Singapore executes third prisoner in just 8 days. What explains this fresh wave of death sentences?
Singapore has executed a prisoner for trafficking 54 grams of heroin in what is the third death sentence meted out in just eight days – marking a worrying increase of its capital punishment policies.
The latest execution was carried out despite calls from several quarters for halting such sentences and has come on the heels of the city-state executing a woman for the first time in 19 years just a few days earlier.
Mohamed Shalleh Abdul Latiff, a 39-year-old man, was executed at the city-state’s Changi Prison on Thursday after the country’s Central Narcotics Bureau said he was accorded due process under the law.
It added that the amount of heroin trafficked – 1.9 ounces – was “sufficient to feed the addiction of about 640 abusers for a week”.
The man, an ethnic Malay, was arrested in 2016 when he was working as a delivery driver. He believed he was delivering contraband cigarettes – and not a pack of heroin – for a friend to whom he owed money, Mr Abdul Latiff told the High Court during trial proceedings.
Mr Abdul Latiff had also said, according Singapore-based anti-death penalty advocate Transformative Justice Collective, that he did not verify the contents of the bag based on trust between the two. He was sentenced to death in 2019 and his appeal was dismissed last year.

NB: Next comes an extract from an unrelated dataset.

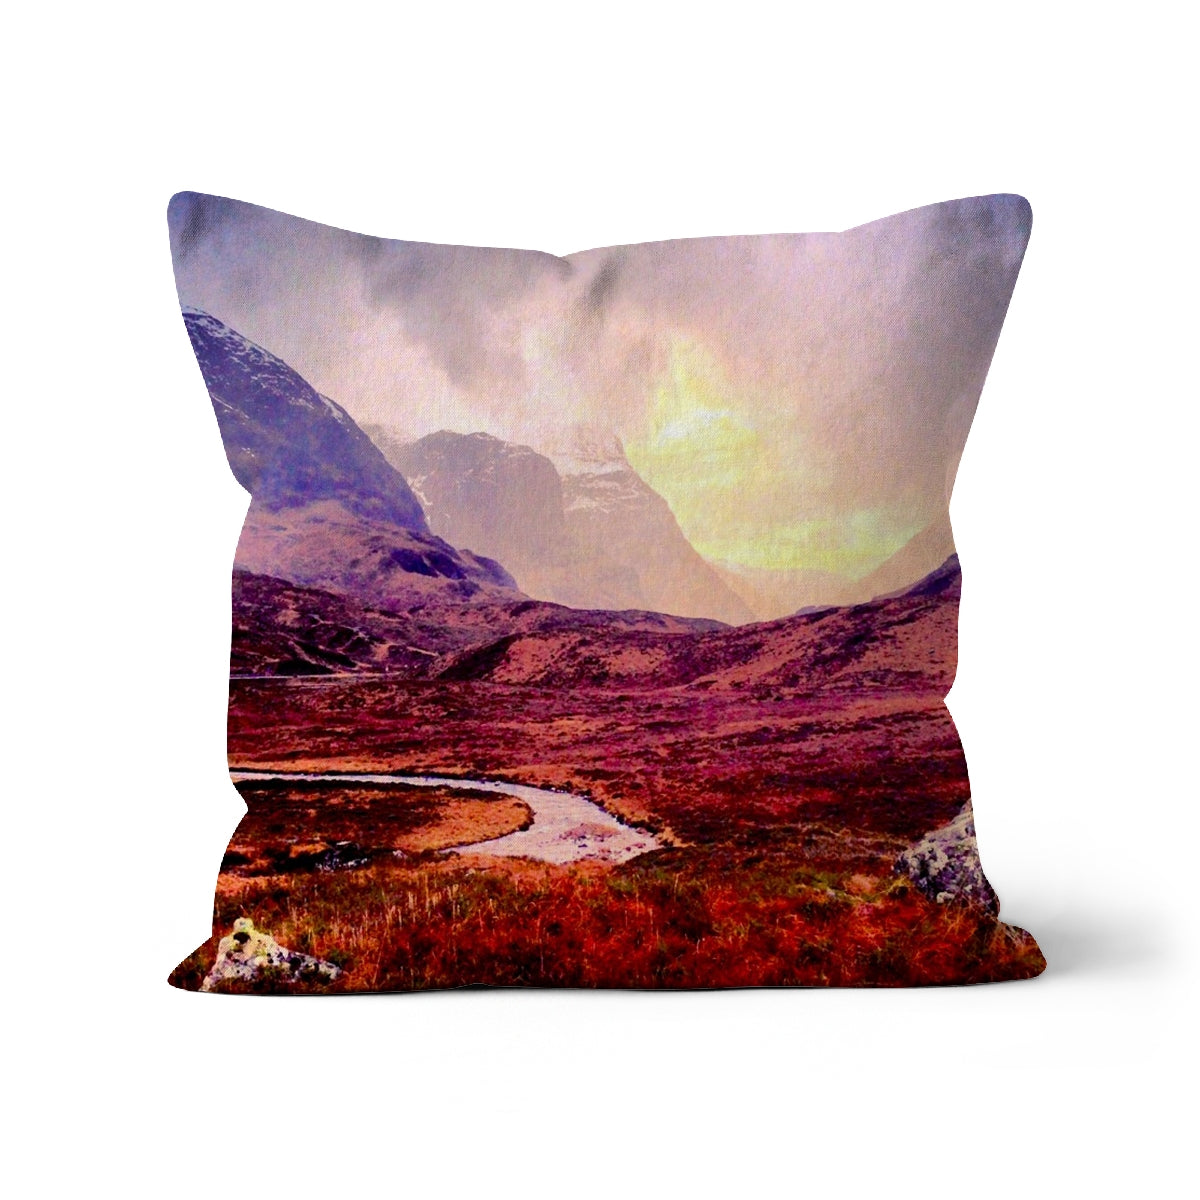 A Brooding Glencoe Art Gifts Cushion-Cushions-Glencoe Art Gallery-Canvas-16"x16"-Paintings, Prints, Homeware, Art Gifts From Scotland By Scottish Artist Kevin Hunter

The High Court judge said the two men did not share close ties enough to warrant the kind of trust he claimed to have had for his friend.

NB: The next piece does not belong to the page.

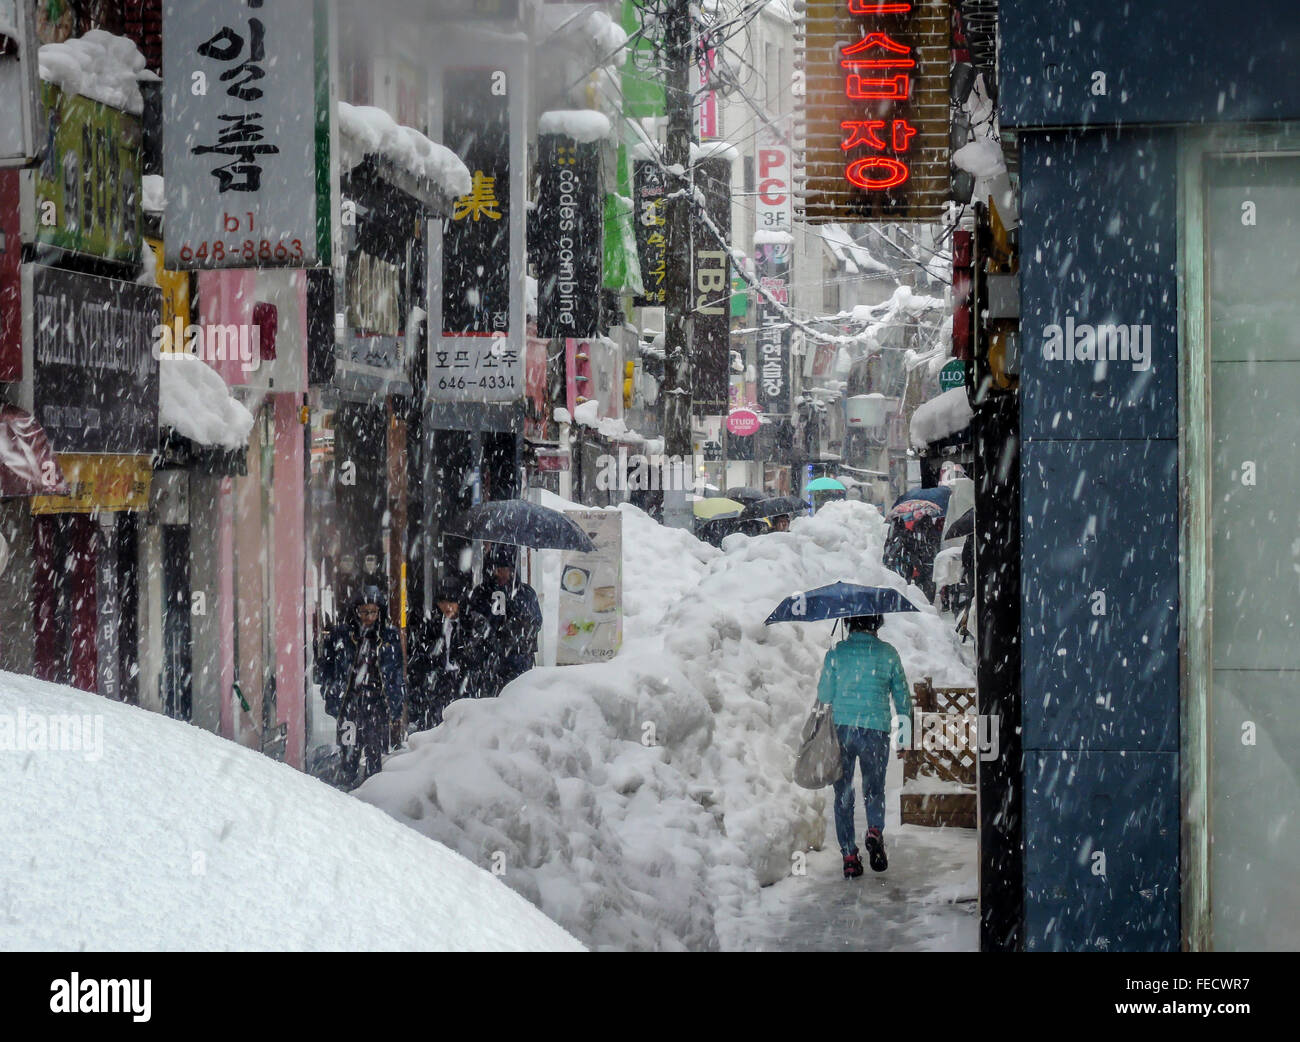 Neve pesante con neve alta impilati in una città coreana Foto Stock

Even though Mr Abdul Latiff was found to be a mere courier by the court, it stated that he was handed the death penalty for not cooperating with prosecutors who did not hand him the certificate stating so.
Under the laws in Singapore, which observes harsh punishment against drug trafficking, anyone convicted of trafficking more than 500g (17.6 ounces) of cannabis and 15g (0.5 ounces) of heroin will be handed capital punishment.
Why has Singapore ramped up hangings?
The Thursday morning hanging marked Singapore’s fifth such execution this year, and the 16th execution for drug offences since the country resumed hangings in March last year after observing a two-year hiatus during the Covid pandemic.
Singapore’s authorities had put meting out execution sentences on hold in 2020 during the height of the Covid pandemic as the focus remained on controlling the deadly outbreak.
In 2021, legal actions by two civil group for death row prisoners stalled executions further, but a year later, Singapore returned to enforcing its draconian law by hanging Nagaenthran Dharmalingam, an intellectual disabled and psychiatrically ill man.
Holding a zero-tolerance policy, Singapore regards drug-related offences as the “most serious crime”. The administration has oft said that the death penalty is a deterrent against drug trafficking and that a majority of its citizens back capital punishment – a claim questioned by the country’s activists and lawyers.
In 2020, no executions were recorded in Singapore, which joined countries like Bahrain, Belarus, Japan, Pakistan and Sudan that had earlier carried out executions a year before.
Iran, Egypt, Iraq, Saudi Arabia accounted for 88 per cent of all known executions in 2020.
“As the world focused on finding ways to protect lives from Covid-19, several governments showed a disturbing determination to resort to the death penalty and execute people no matter what,” Agnès Callamard, Amnesty International’s secretary general, had said in 2021.
Just last week, two other citizens were hanged, including the first woman to be hanged in 19 years, for trafficking 31g (1 ounce) and 50g (1.75 ounces) of heroin respectively.
The country has also witnessed severe backlash from human rights groups, international activists and the UN, all of whom have sought an immediate end to the practice of executions against drug offences, stating increasing evidence that the method is ineffective as a deterrent.
They have also decried the punishment which sees low-level drug mules deployed in the illegal trade and are targeted for their vulnerabilities.
But Singapore’s officials have claimed capital punishment has helped in halting drug demand and supply. Additionally, laws in several nations in southeast Asia also dictate mandatory death penalty against serious drug crimes.
In a departure from the trend, Singapore’s neighbour Thailand legalised cannabis, and Malaysia is looking to end its own capital punishment rule by this year.